Collected material:
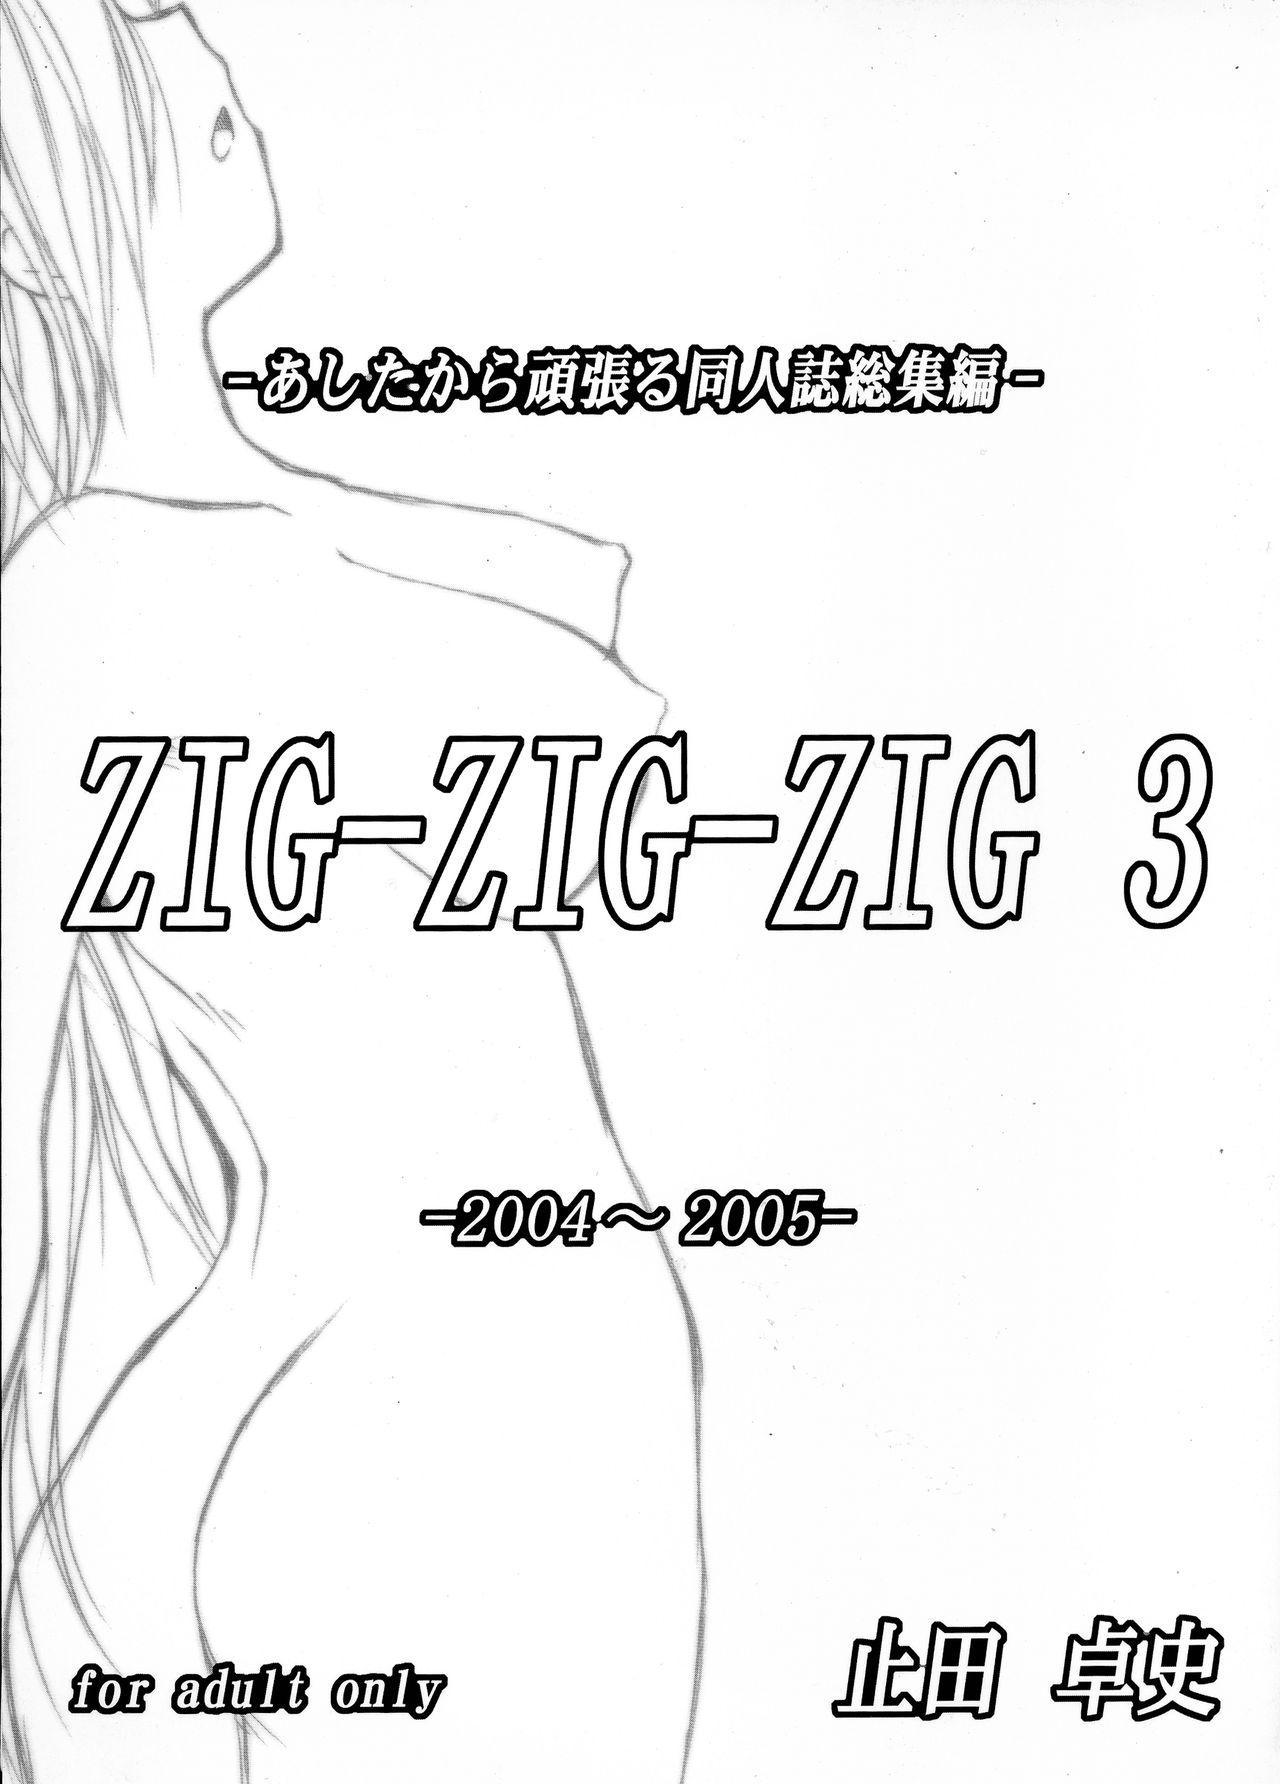 (C73) [ashitakara-ganbaru (Yameta Takashi)] ZIG-ZIG-ZIG 3 -2004~2005- (Various) 0
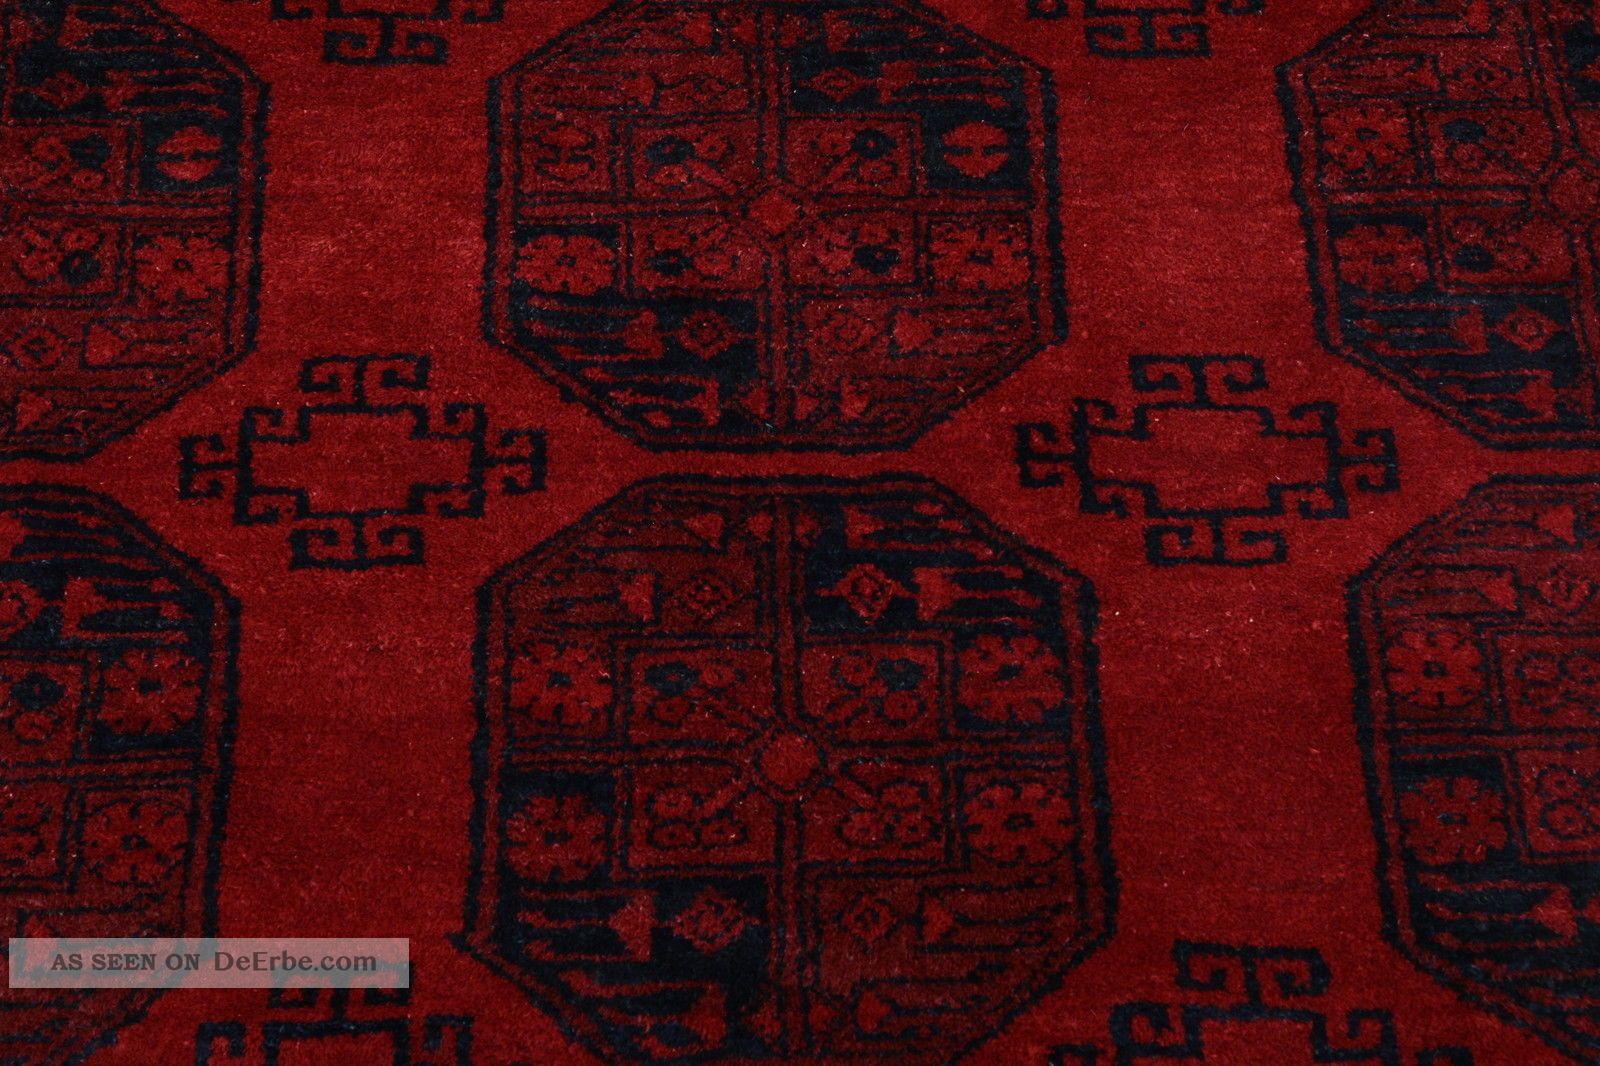 afghanischer teppich ca 350 x 246 cm gereinigt. Black Bedroom Furniture Sets. Home Design Ideas
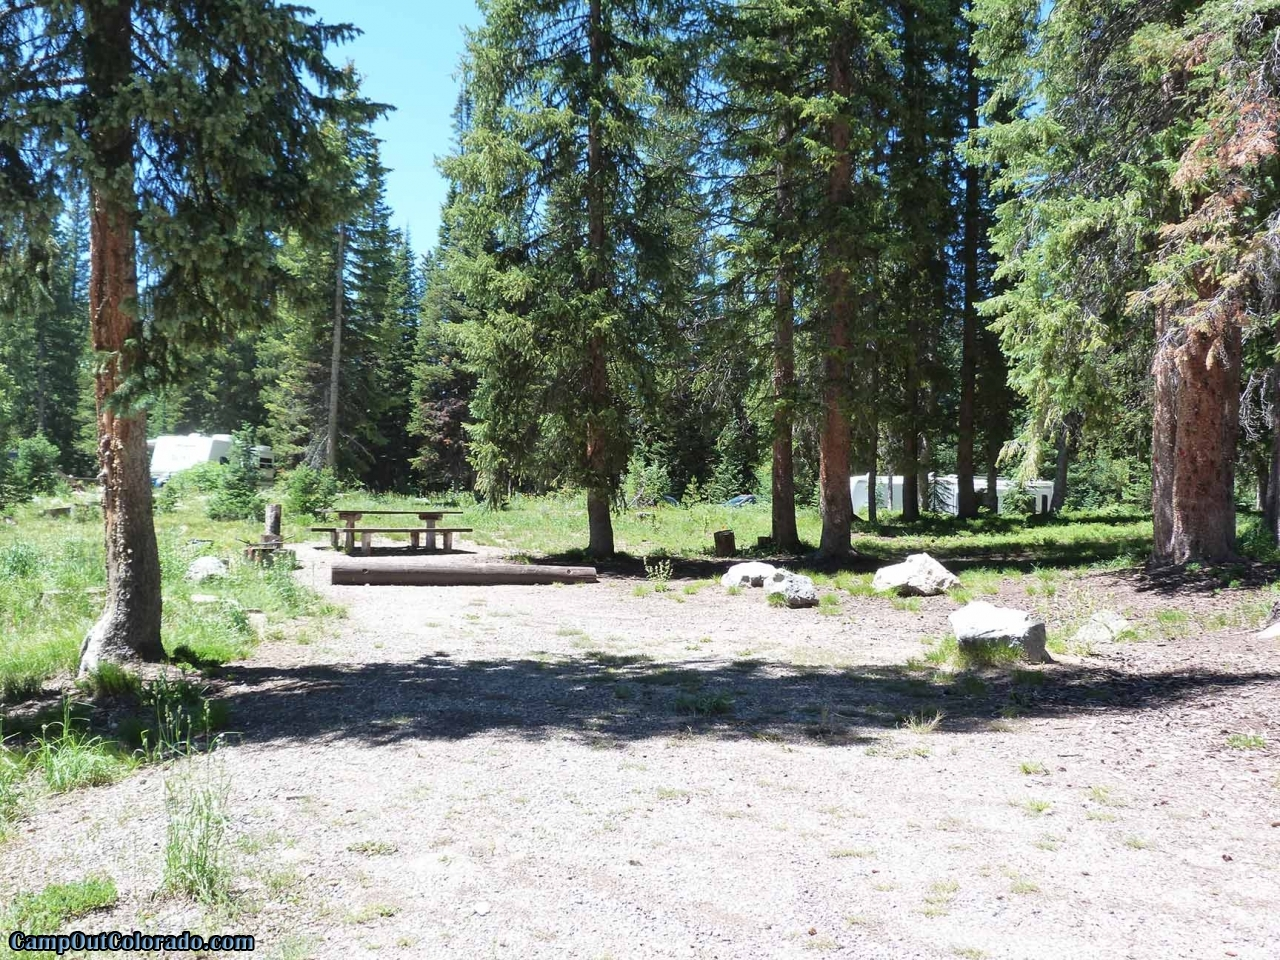 campoutcolorado-meadows-campground-rabbit-ears-campsite
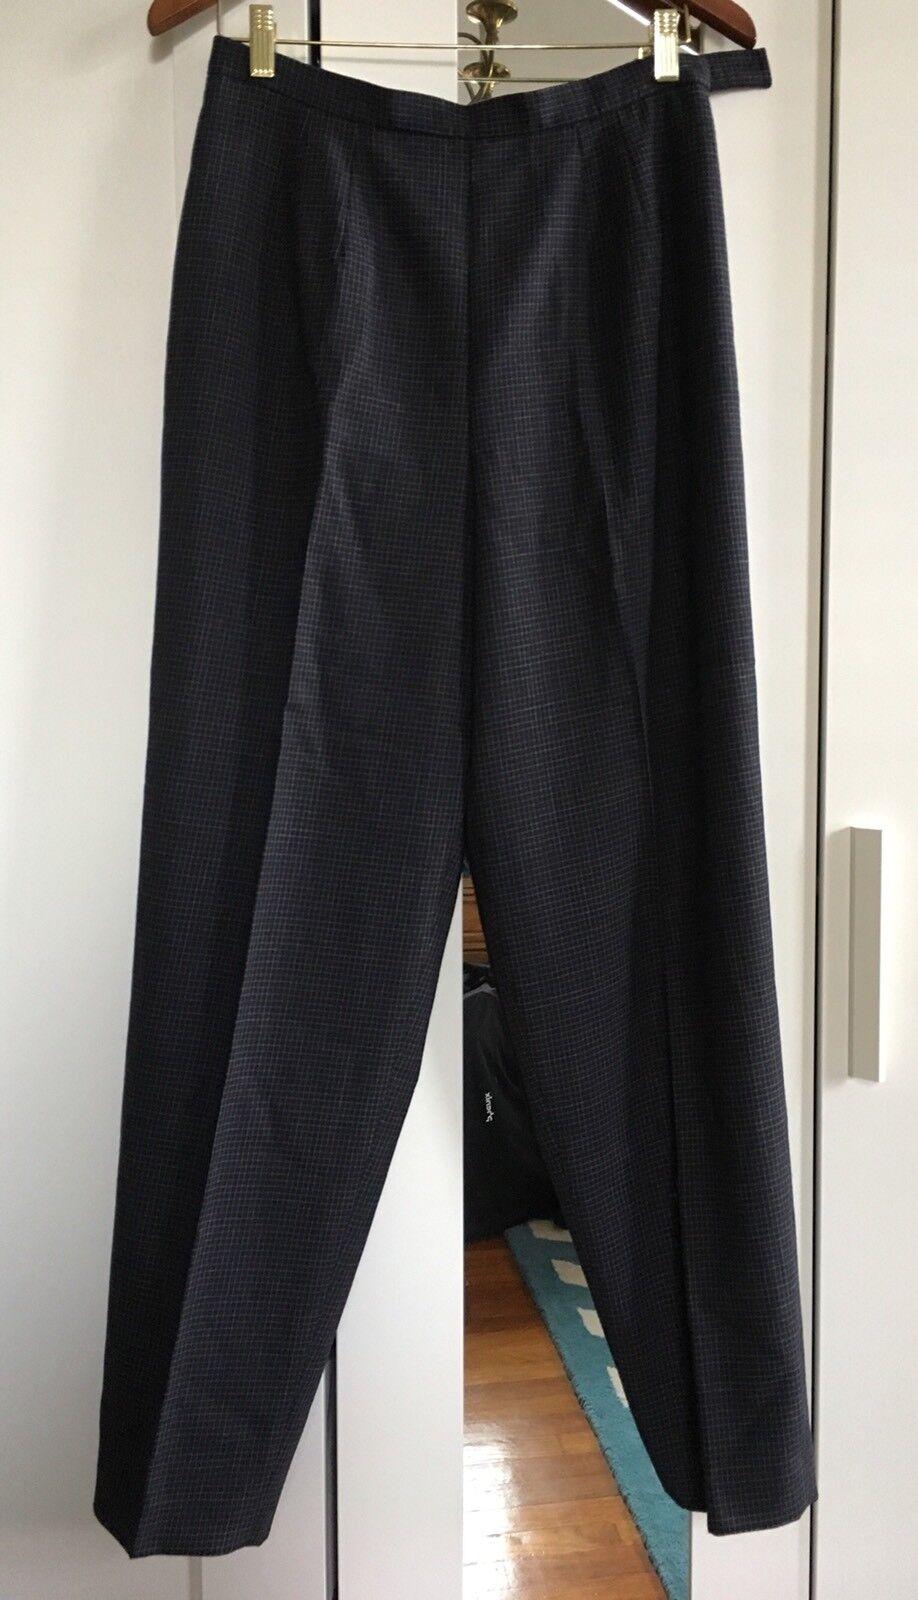 New Talbots Women Pants Size 12, 100% Wool

Activity: Hand back the data above exactly, with no images.

Task output:
 (C73) [ashitakara-ganbaru (Yameta Takashi)] ZIG-ZIG-ZIG 3 -2004~2005- (Various) 0
 afghanischer teppich ca 350 x 246 cm gereinigt. Black Bedroom Furniture Sets. Home Design Ideas
 campoutcolorado-meadows-campground-rabbit-ears-campsite
 New Talbots Women Pants Size 12, 100% Wool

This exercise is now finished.